Integrantes do Primeiro
Comando da Capital (PCC) e do Comando Vermelho (CV) estão se infiltrando nos
municípios para capturar contratos milionários com prefeituras do País. A ação
dos criminosos foi detectada em investigações de São Paulo, Rio, Bahia, e Ceará,
entre outros Estados. Para as facções, ao contrário das milícias, não é o
domínio do poder local que está em jogo, mas a oportunidade de obter novos
lucros e lavar o dinheiro do tráfico de drogas em atividades lícitas. É por
isso que o apoio a candidatos a vereadores e a prefeitos é mais importante do
que eleger deputados e senadores.
A
partir desta segunda-feira, 19, o Estadão publica uma série de reportagens com
dados sobre atuação do crime organizado no Poder Público.
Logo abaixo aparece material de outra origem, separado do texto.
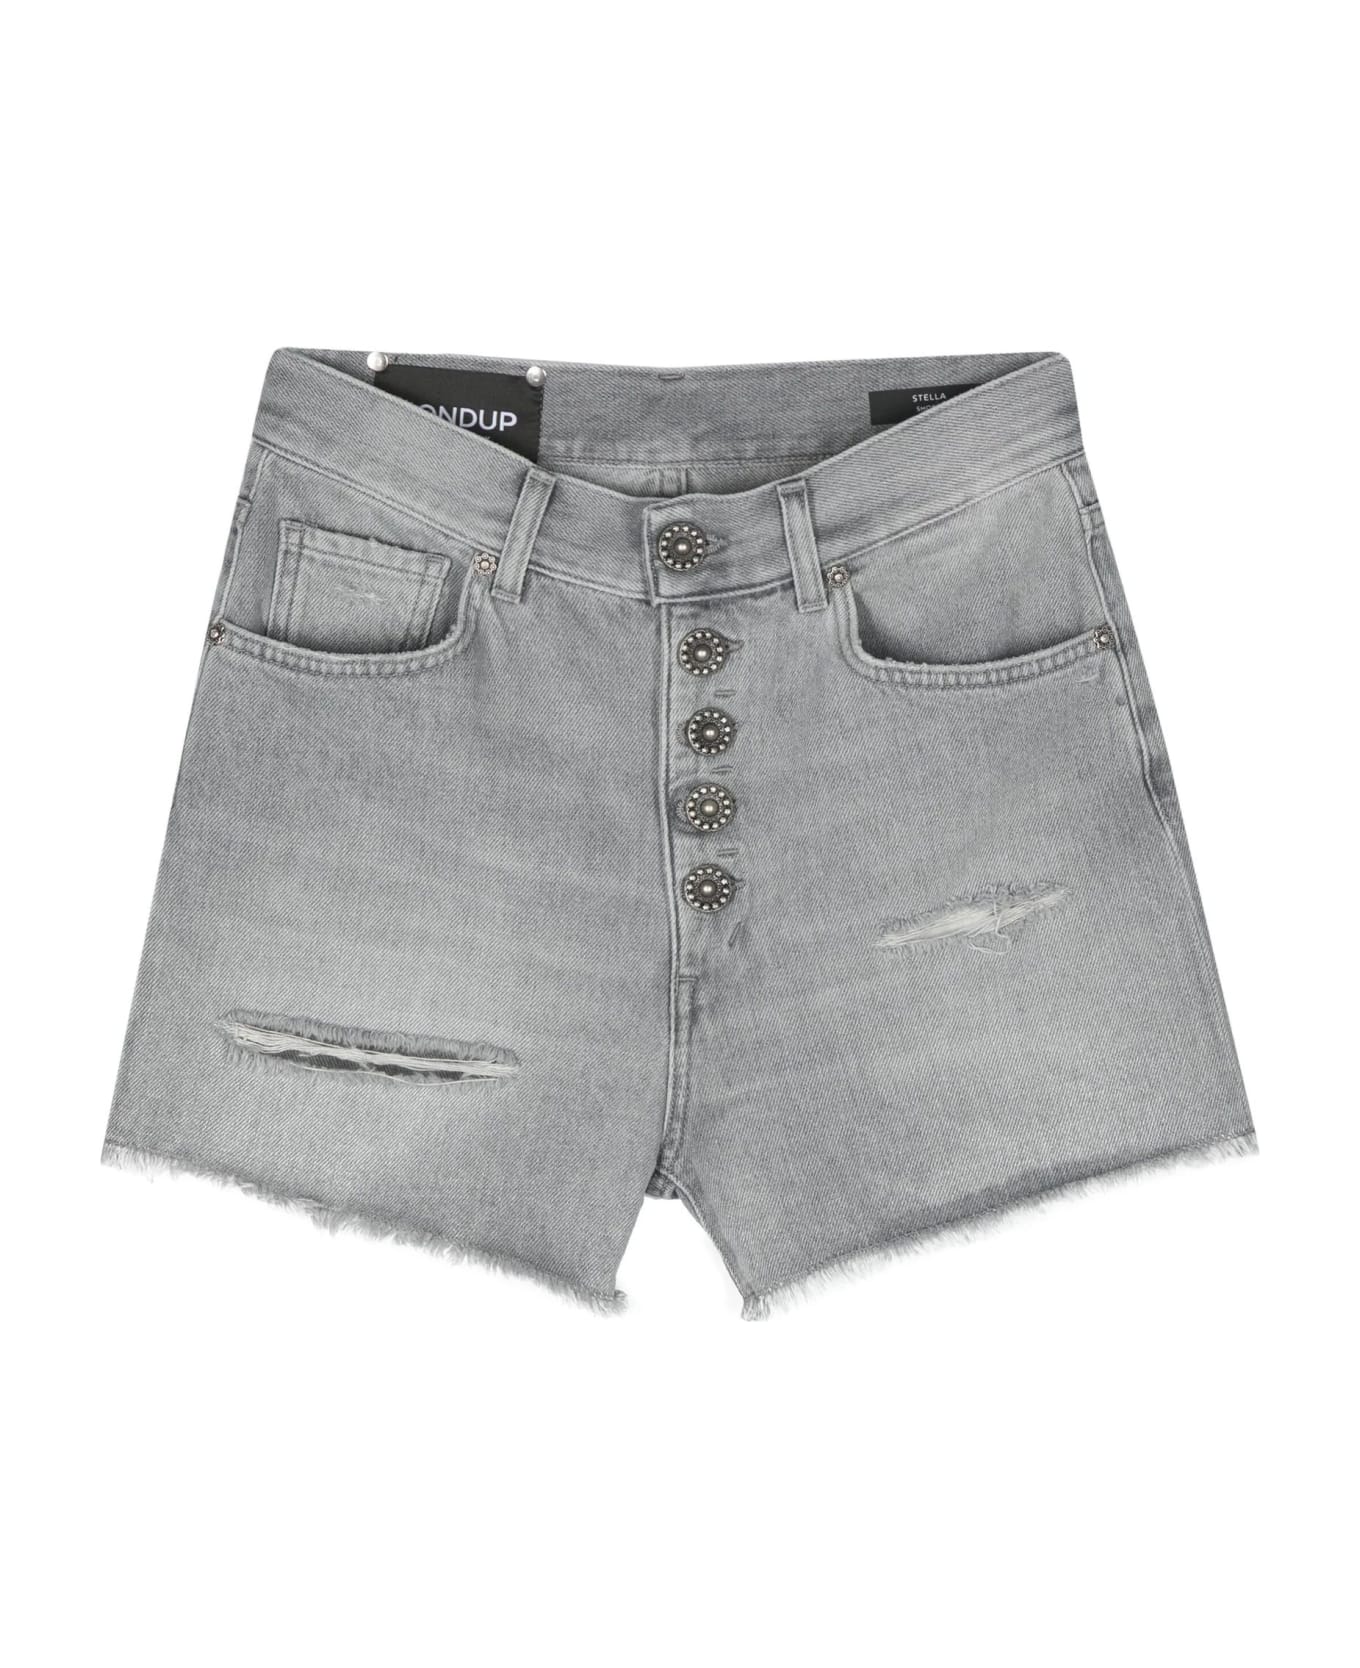 Dondup Light Grey Cotton Denim Shorts - Grey

Documentos inéditos
de investigações mostram o pagamento milionário de uma prefeitura, por meio de
contratos aditivos, para empresas de transporte ligadas ao crime. Ao mesmo
tempo, um vereador teve a empresa apontada como elo para pagamento mensal a
integrantes de organização criminosa. O envolvimento do crime, no entanto, tem
consequências. Um ex-político, por exemplo, terá de arcar com o pagamento de
multa por condenação pelo envolvimento com pessoas ligadas ao PCC. No Nordeste,
a ação do Comando Vermelho culminou até com assassinato de um parlamentar, como
apontam investigações na região. Há ainda detalhes de influência dos clãs
milicianos no Rio de Janeiro de olho nas próximas eleições.
“Se
o PCC conseguir eleger um deputado terá apenas um entre 513 parlamentares. É
muito mais interessante para seus integrantes ter acesso às Câmaras Municipais,
onde são discutidos os contratos da coleta de lixo e as regras do transporte
público e do uso e ocupação do solo”, afirmou o promotor Lincoln Gakiya, do
Grupo de Atuação Especial e Repressão do Crime Organizado (Gaeco), do
Ministério Público de São Paulo.
Trata-se
de um movimento silencioso, um passo fundamental na transformação de uma facção
criminosa em uma organização mafiosa, o passo que parecia faltar para que uma
gangue nascida no interior de um presídio se transforme em uma ameaça à
segurança nacional. O Estadão ouviu alguns dos mais importantes responsáveis
pelo combate ao crime organizado e revela, nesta série de reportagens, um
diagnóstico do desafio para a Segurança Pública imposto pelos bandidos no País.
“O
PCC, pelo que vem sendo informado, está querendo se infiltrar na administração
pública e na vida política, elegendo representantes insuspeitos”, alerta o
desembargador aposentado e ex-secretário nacional antidrogas, Walter
Maierovitch. Esse é um processo que começou há 20 anos, quando Antonio José
Muller Junior, o Granada, viu nos perueiros de São Paulo uma oportunidade de
negócios. Ele está preso e seu advogado, Eliseu Minichilo, não foi encontrado.
Granada
foi condenado a 30 anos de prisão, na Operação Ethos, que investigou a Sintonia
dos Gravatas, o departamento jurídico do PCC, e sua infiltração no Conselho
Estadual de Defesa da Pessoa Humana. Marco Willians Herbas Camacho, o Marcola,
o chefão do PCC, também foi condenado no mesmo processo.
Quem
explica a razão disso é Maierovitch. “Toda máfia, ou pré-máfia, é parasitária.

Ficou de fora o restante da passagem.